If heggies & investments banks are the reason for the run up...

Discussion in 'Commodity Futures' started by ProgrammerGuy, Jun 21, 2008.


  1. NO NO NO!!!
    If you are not taking delivery you are NOT moving the market on an Inter-contract basis. If it's a liquid market, if you start short and buy to close or start long and sell, THAT HAS NOTHING TO DO WITH IT.!!!!!

    If I wanted to buy 1,000,000 contracts of oil I'd drive the price up a shit load, however if I wanted the price of oil to maintain @ it's level the ONLY way would be to take the delivery of 1,000,000 contracts. If I sold em' the price would go down near to where I bought it at. Same thing works on the sell side


    The price of oil is determined by supply and demand at contract expiration. ------> how many people want to take delivery at a certain market price. NOW because oil has been moving up that means that buyers are willing to pay more for delivery, so DEMAND MUST BE MOVING UP (if supply is =)...


    but from whom???? They say that commercial demand really hasn't increased that much. So who are the aggressive buyers? The hedge funds & investment banks.

    I really don't think this is too hard to see. But the ? is WHY?
     
    #11     Jun 21, 2008
  2. First all; if you want to buy these contracts; someone(may include yourself) have to sell it to you; either by the producers or shortsellers. When you know the producers can not provide upon delivery dates by any reasons; and these shortsellers have to cover these short before the price going higher.
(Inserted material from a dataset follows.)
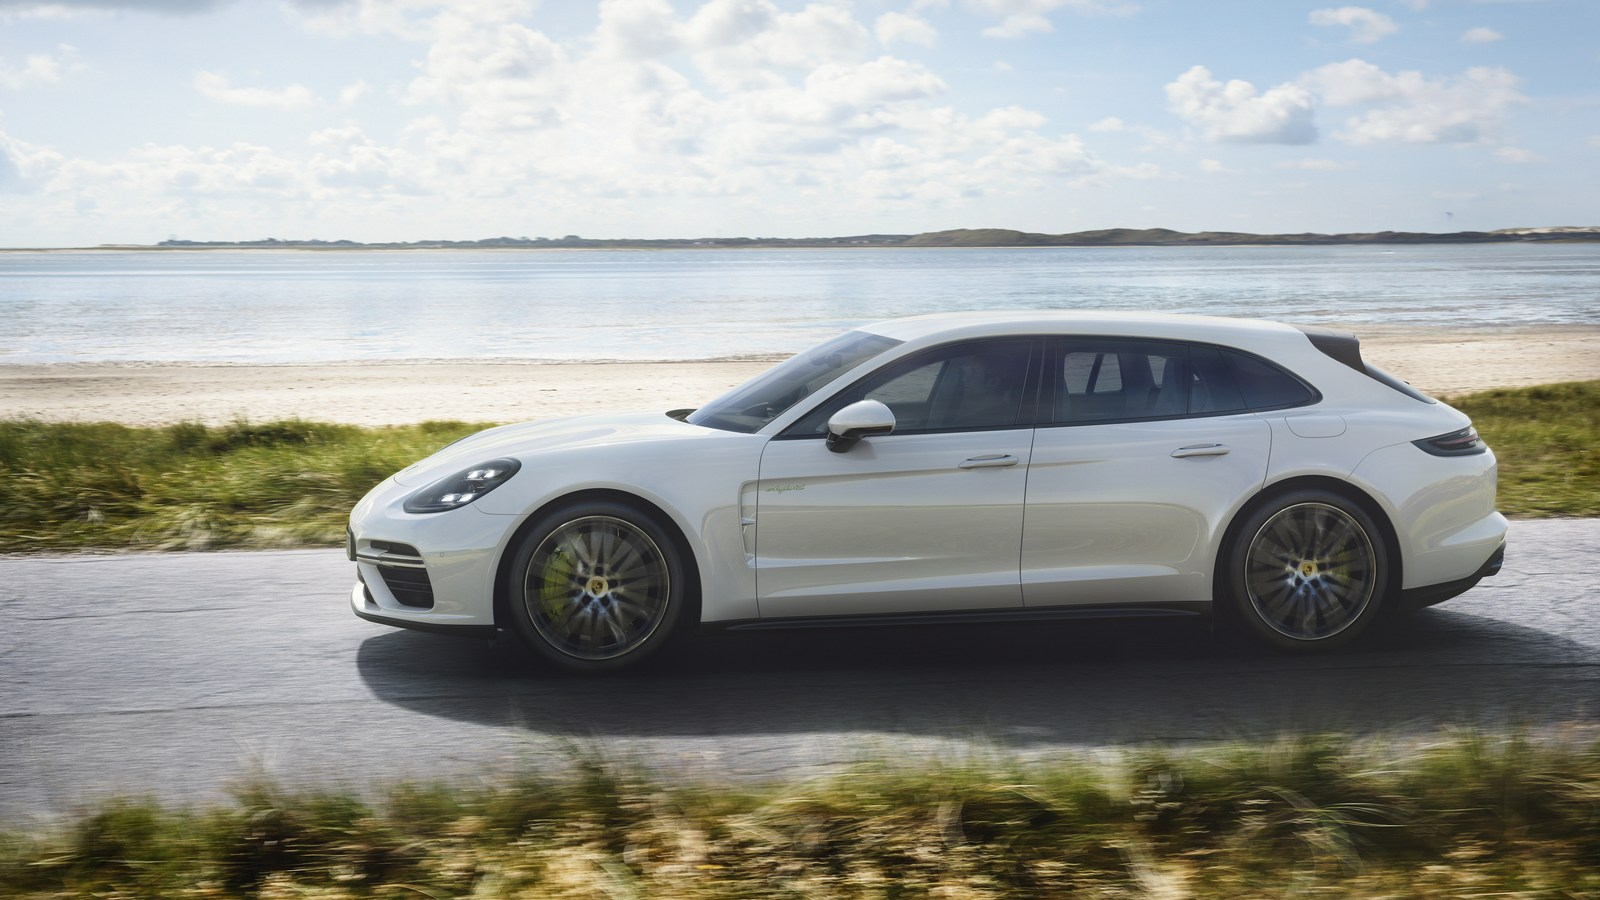 Porsche-Panamera-Turbo-S-E-Hybrid-Sport-Turismo-4

    What is the word for this situation? oh; short squeeze :D
     
    #12     Jun 21, 2008
  3. No, because they add to their positions.
     
    #13     Jun 21, 2008


  4. ----------------------------> this is true. But what does this have to do with what we're debating?
     
    #14     Jun 22, 2008

  5. ----> I think you've missed the point. What we're saying is that can't you affect the market (longer term) if you do not take delivery @ contract expiration. Because for every long & short you close out equating to being flat
     
    #15     Jun 22, 2008
  6. TIMMY57

    TIMMY57



    Wow actually come to think of it, I see what your saying. If speculators are not taking the delivery of the contract then if "there is huge say buy speculation" then youd probably see a huge sell off right at expiration because these people have to get out. But it doesn't
     
    #16     Jun 22, 2008
  7. Maybe another way to say this is "They say that commercial demand by entities *** that use the U.S. futures market *** may not have increased very much."
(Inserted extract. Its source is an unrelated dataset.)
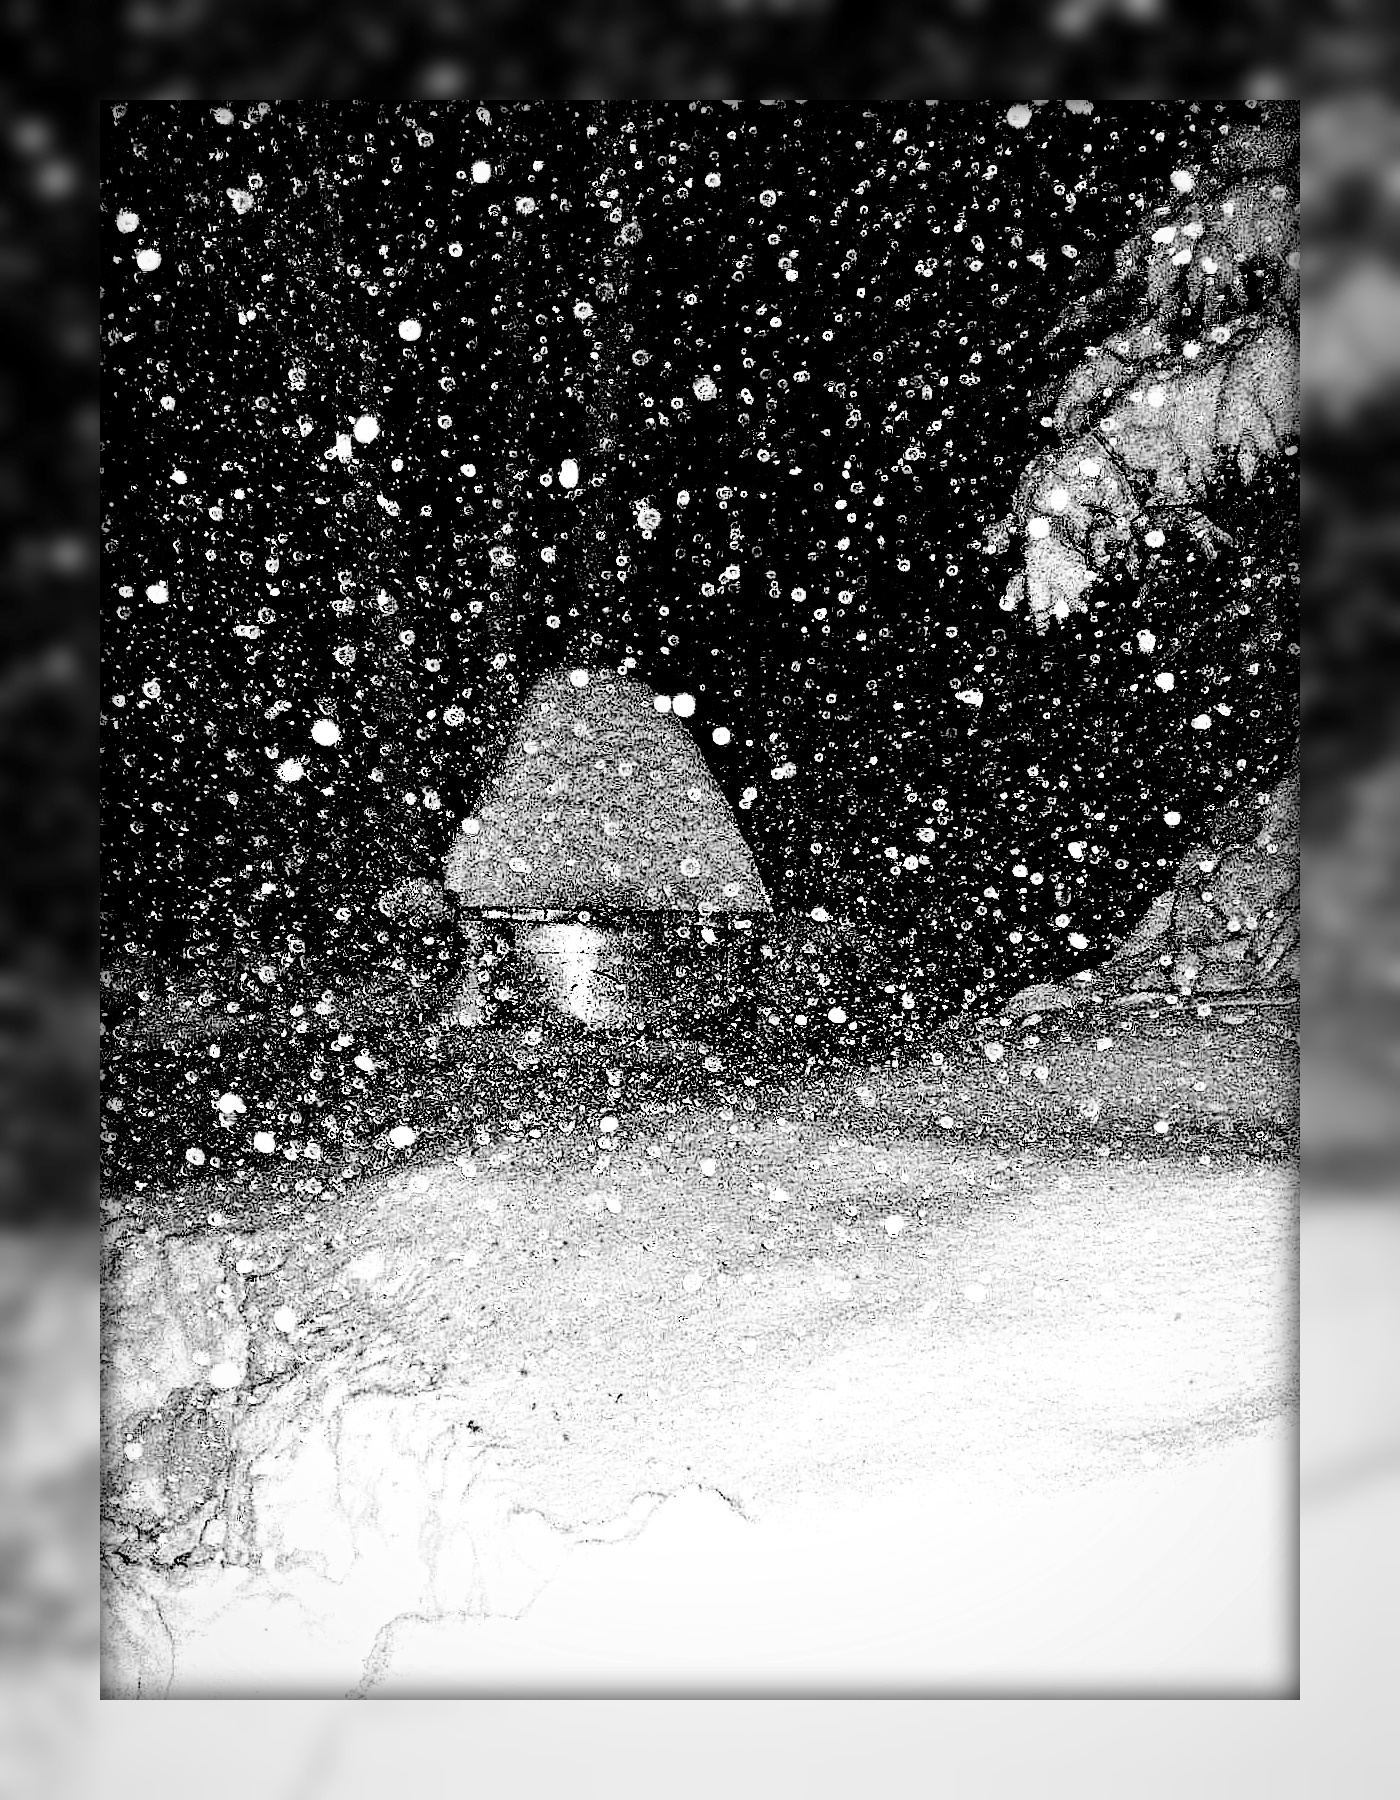 Gloomy Snow Fall by surrealistic-gloom

    But I doubt that the demand expressed by the entities that buy crude oil and refined products for China and India can be accurately analyzed by looking at the "commercial" data provided by the CFTC / NYMEX.

    It is quite possible that these entities that purchase crude oil for China and India purchase the physical crude oil directly from the oil producers via supply contracts or with "spot market" purchases of physical crude oil. Either of which would not necessarily involve the use of either the NYMEX (or the ICE).


    The evidence pointing to the "aggressive buyers" is more likely to present itself in IEA type data instead of CFTC/NYMEX type data.
     
    #17     Jun 22, 2008
  8. Great topic. With all the typical political/media blame on speculators it isn't surprising that even traders get caught up in the lie.

    As mentioned, you can't drive up the price without actually taking delivery. You can check the EIA storage numbers and see that there is no spike in oil storage (although there was an odd spike a few months ago when oil was around $110 - it has since sold off). The ongoing run up is purely supply and demand. The two main causes IMO are peak oil and the Fed debasing the dollar. Gee, what a surprise that the establishment prefers to blame speculators instead of telling the public, "you are headed over a cliff, oh and by the way the banking industry and Fed screwed you."
     
    #18     Jun 24, 2008
  9. Yeah. lots of finger pointing at the moment. Commodities markets have had a tendency to go parabolic for many decades. My data only goes back 35 years, but lots of mega spikes on just about every commodity there is from sugar to soybeans to platinum.

    The thing is, supplies are still getting snapped up at today's prices. The slow down in US consumption is offset elsewhere. As long as supply gets sucked up, kinda hard to blame the speculators.
     
    #19     Jun 24, 2008
  10. XBOT

    XBOT

    if you were to sell those 1 million contracts the market doesn't have to go back to where you bought them. it could go way below or stay above

    If you sell to someone at 50. And then they offer it at 60 and someone buys it from them and then sells it back to you at 70. then the last price traded was 70 and there is zero open interest and no one will take delivery.


    A sells to B at 50 - A Short one - B long one
    B sells to C at 60 - A Short one - C long one
    C sells to A at 70 - A,B,C are all flat now and the last trade was at 70.